Given records
○ ○ ○
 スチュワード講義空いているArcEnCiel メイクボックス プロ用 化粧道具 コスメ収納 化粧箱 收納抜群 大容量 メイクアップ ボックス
○ ○ ○
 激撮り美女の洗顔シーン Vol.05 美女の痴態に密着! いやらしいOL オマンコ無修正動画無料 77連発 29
○ ○ ○
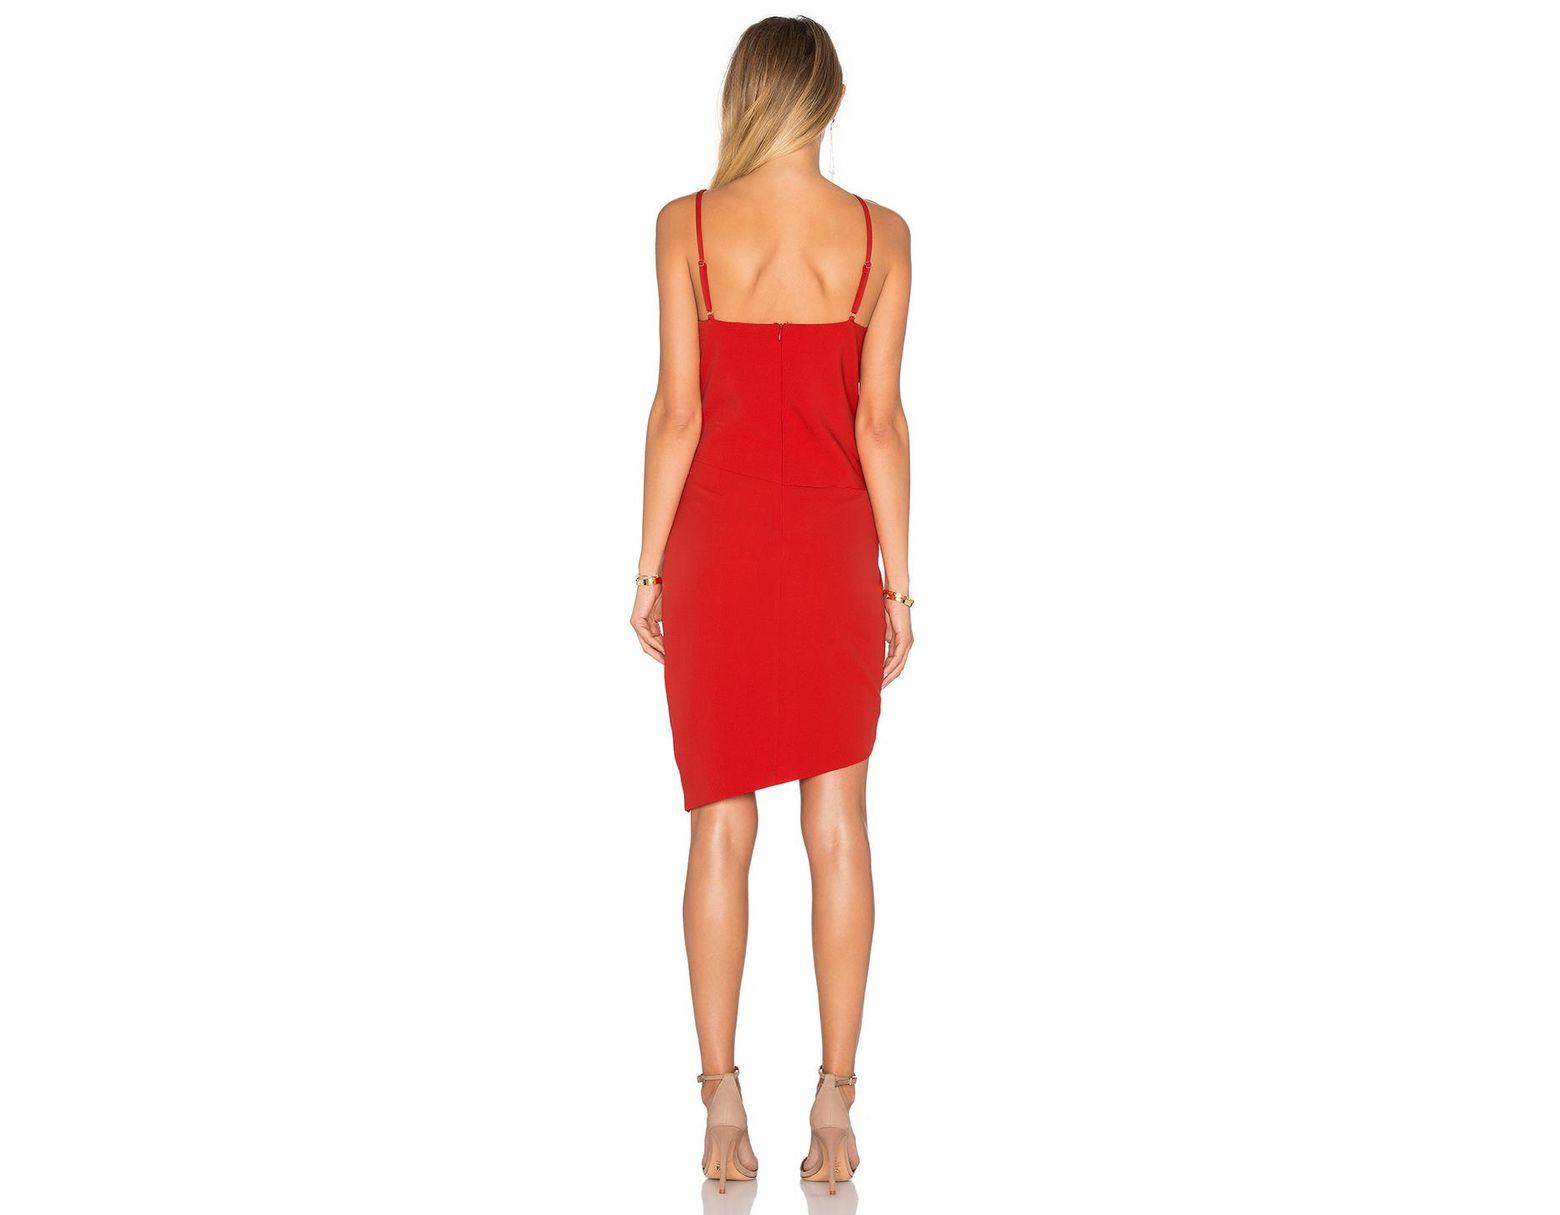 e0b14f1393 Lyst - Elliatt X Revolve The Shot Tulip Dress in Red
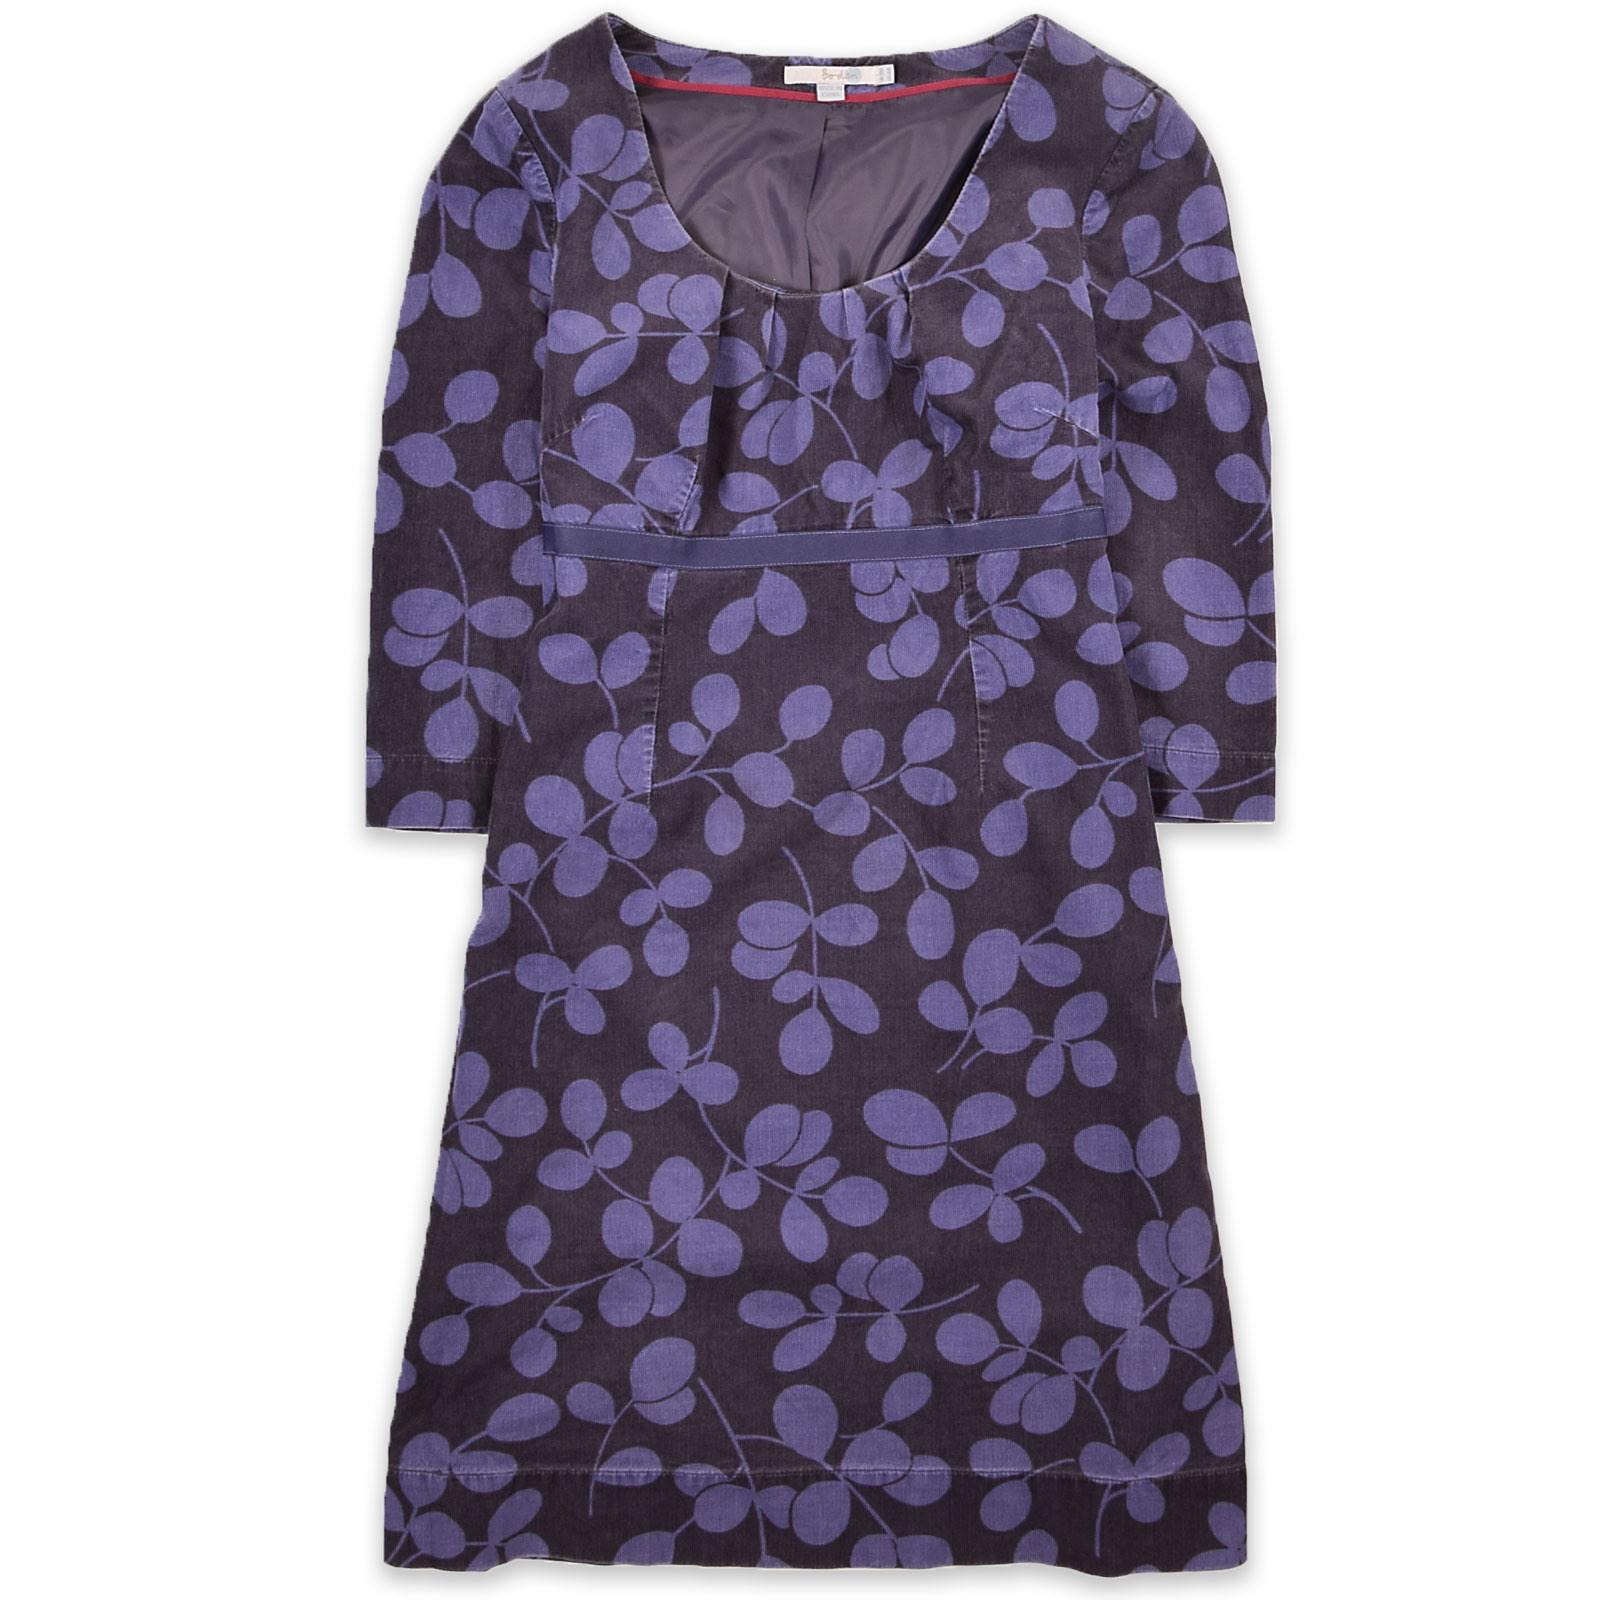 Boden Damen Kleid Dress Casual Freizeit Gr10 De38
○ ○ ○
What is required
From the listing above, repeat only the lines between the line containing "e0b14f1393 Lyst - Elliatt" and the line containing "Boden Damen Kleid", those two included. Pictures are not part of the copy.

Solution for this task
 e0b14f1393 Lyst - Elliatt X Revolve The Shot Tulip Dress in Red
 Boden Damen Kleid Dress Casual Freizeit Gr10 De38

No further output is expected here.